New York, May 1, 2003Russian government officials
have been pressing Estonian authorities to shut down the pro-independence
Chechen Web site KavkazCenter (www.kavkazcenter.com)
for more than a week, according to local and international press reports.
Sergei Yastrezhembsky, an advisor to President Vladimir Putin, warned
last week that, “Countries which aspire to partnership and mutually
advantageous relations with the Russian Federation should bear in mind
Russia’s categorical objection to the hosting of information resources
on behalf of Chechen separatists,” the ITAR-TASS news agency reported.
The Russian Foreign Ministry has also called on Estonia several times
during the last week to shutter the site, but the request was rejected.

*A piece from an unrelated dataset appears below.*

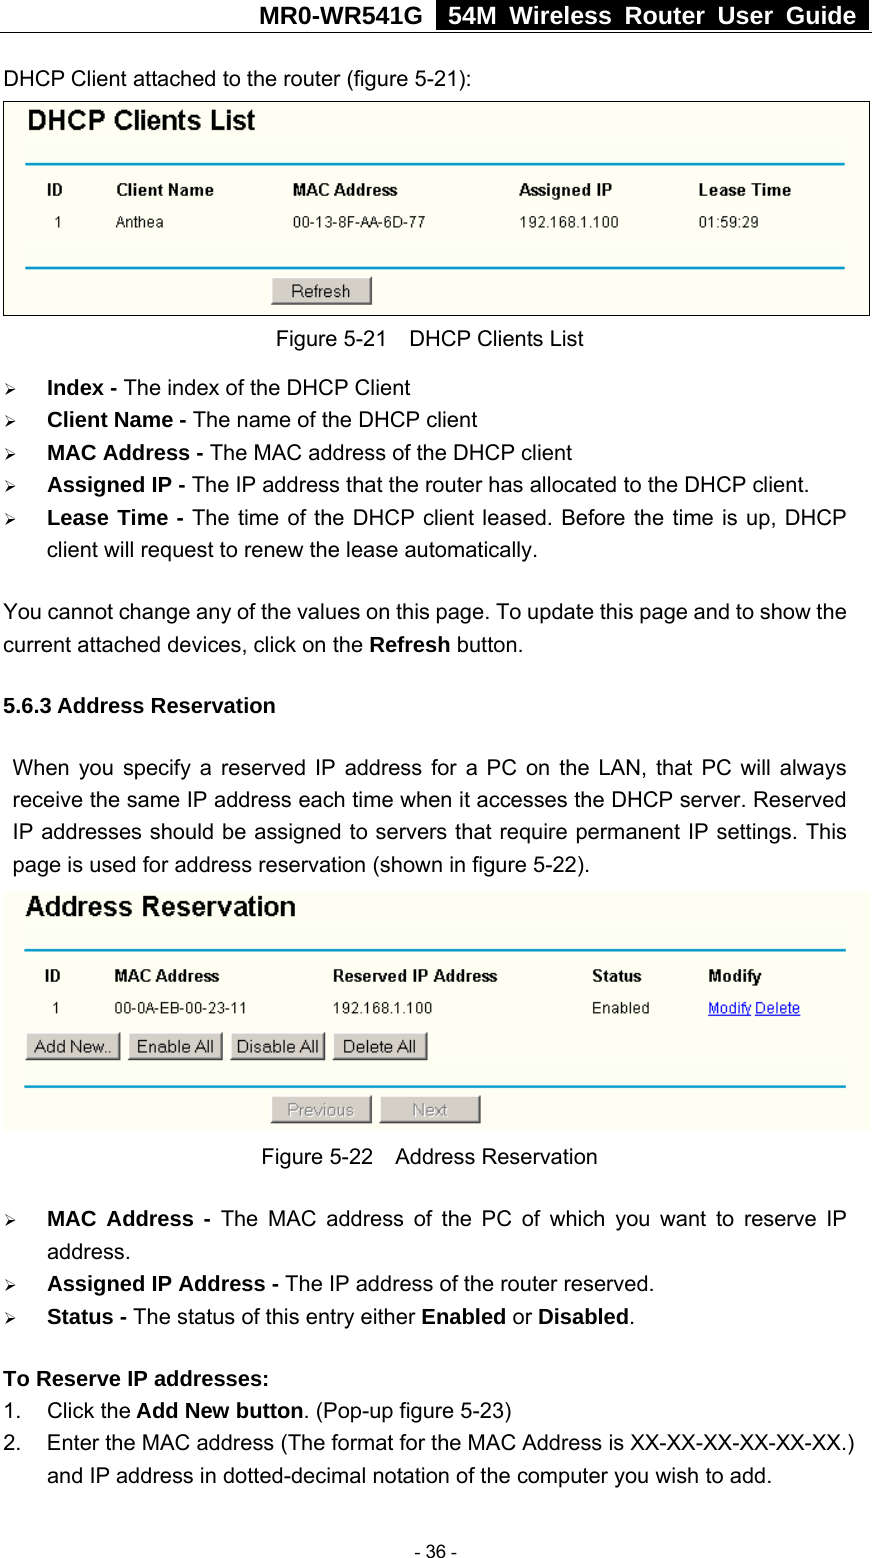 MR0-WR541G   54M Wireless Router User Guide  DHCP Client attached to the router (figure 5-21):  Figure 5-21    DHCP Clients List ¾ Index - The index of the DHCP Client   ¾ Client Name - The name of the DHCP client   ¾ MAC Address - The MAC address of the DHCP client   ¾ Assigned IP - The IP address that the router has allocated to the DHCP client. ¾ Lease Time - The time of the DHCP client leased. Before the time is up, DHCP client will request to renew the lease automatically. You cannot change any of the values on this page. To update this page and to show the current attached devices, click on the Refresh button. 5.6.3 Address Reservation When you specify a reserved IP address for a PC on the LAN, that PC will always receive the same IP address each time when it accesses the DHCP server. Reserved IP addresses should be assigned to servers that require permanent IP settings. This page is used for address reservation (shown in figure 5-22).  Figure 5-22  Address Reservation ¾ MAC Address - The MAC address of the PC of which you want to reserve IP address. ¾ Assigned IP Address - The IP address of the router reserved. ¾ Status - The status of this entry either Enabled or Disabled. To Reserve IP addresses:  1. Click the Add New button. (Pop-up figure 5-23) 2.  Enter the MAC address (The format for the MAC Address is XX-XX-XX-XX-XX-XX.) and IP address in dotted-decimal notation of the computer you wish to add.    - 36 -

Estonian prime minister Juhan Parts told reporters on Tuesday that,
“The web site is not in the government’s server, therefore
the government won’t interfere.”
Russia’s campaign against KavkazCenter was initiated after the
site posted a dramatic, two-minute video clip on April 20 that showed
a devastating rebel ambush on a bus in Chechnya allegedly carrying special
police.
The video, which was broadcast on some Russian television stations,
severely embarrassed the government, whose upbeat reports about Chechnya
had failed to mention the April 15 ambush. The video provided fresh
evidence that a Kremlin-orchestrated peace process in Chechnya has failed
to curtail violence and normalize life in the region.
Background
KavkazCenter is currently hosted by AS Starman (www.starman.ee),
a private Internet service provider based in the Estonian capitol of
Tallinn. The Web site was off-line on Wednesday but is back up and running
today.
Henri Treude, a spokesman for Starman, said that because a subcontractor
runs the server, he does not know why the site was down on Wednesday,
The Associated Press reported. “But I can guess it was because
of pressure from various media—and indirect pressure from Russia,”
he said. Treude also said that the company had not been contacted by
Russian or Estonian authorities.
While KavkazCenter openly supports Chechen rebels fighting for independence
from Russia, some Western and Russian journalists rely on it for information
due to government restrictions on access to the war-torn region, as
well as ongoing security risks for journalists there.
In February, Russian officials mounted a similar campaign against the
Web site, which was at that time hosted by MicroLink Data, a private
Internet service provider in neighboring Lithuania.